Amelia Bonow: “Co-founder of Shout Your Abortion, who is working to normalize abortion, increase awareness of abortion pills and motivate people to work and support abortion access in their communities.”
Odilia Romero: “An advocate and translator for the Indigenous peoples from Mexico and Central America who are now living in the United States. Her woman-led organization CIELO brings daily relief to her community in Los Angeles.”

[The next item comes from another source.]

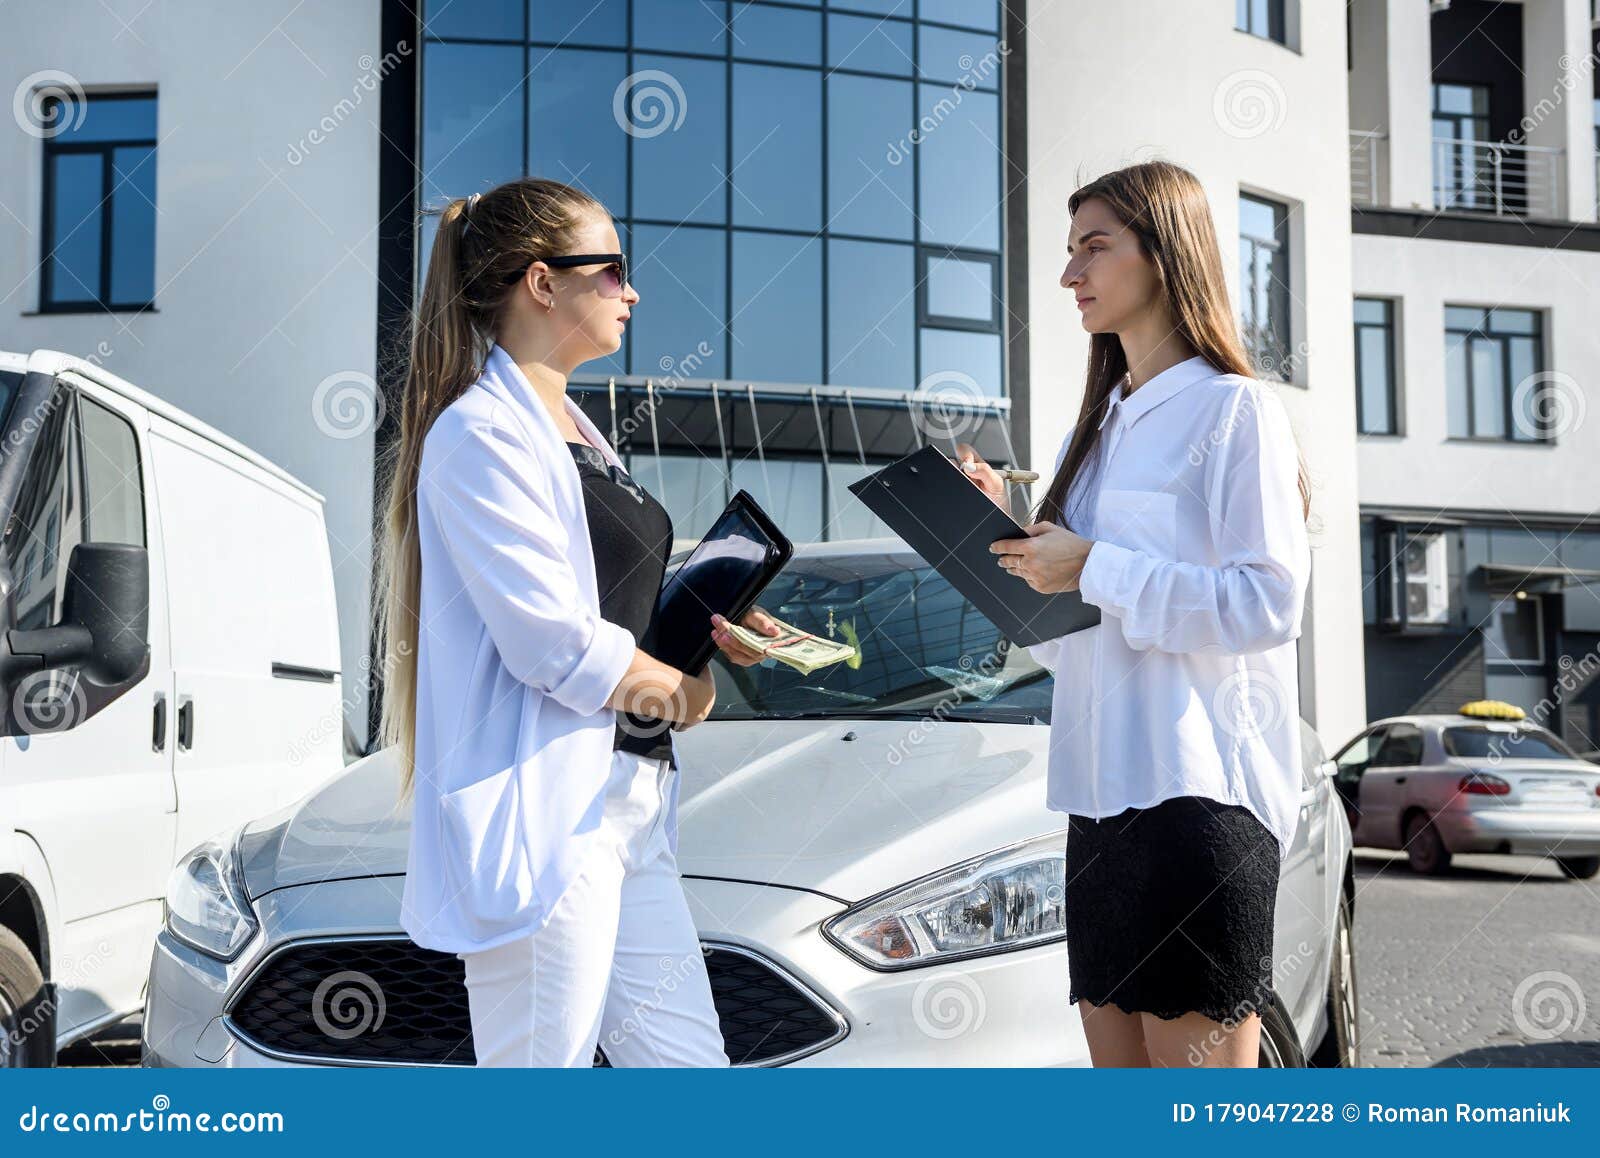 Rent Or Car Buy Concept. Two Women With Dollar Bundle Posing Near Car Stock Photo - Image of ...

Rabbi Tarlan Rabizadeh: “Who is committed to building a bridge between Jewish people of all colors and backgrounds and, as an Iranian American, she is fighting to amplify the plight of the Iranian people.” Rabizadeh is the director of student life at UCLA and VP of Jewish engagement at American Jewish University.
Sahar Pirzada: “Who is working on behalf of Muslim women in America to advance reproductive justice and protect the community from gendered violence and oppressive systems.” Pirzada works with The Heart to Grow.
Chandi Moore: “Who is a community health educator at Children’s Hospital Los Angeles, giving trans and gender-nonconforming youth the tools they need to live their lives as their authentic selves.” She is an HIV and trans rights activist.
Crystal Echo Hawk: “A member of the Pawnee nation of Oklahoma who seeks to amplify Native voices through her organization IllumiNative. She disrupts the invisibility of Native peoples here in America.”
Reshma Saujani: “She is advocating for the moms. As a founder of the Marshall Plan for Moms, she fights for paid family leave, affordable childcare and equal pay for all.” Saujani is also the author and CEO of Girls Who Code.
Tamika Palmer: “She fights in honor of the memory of her daughter, Breonna Taylor — Say her name! — who was killed in an act of police violence. The Breonna Taylor Foundation has and will continue to focus on pursuing justice for Breonna.”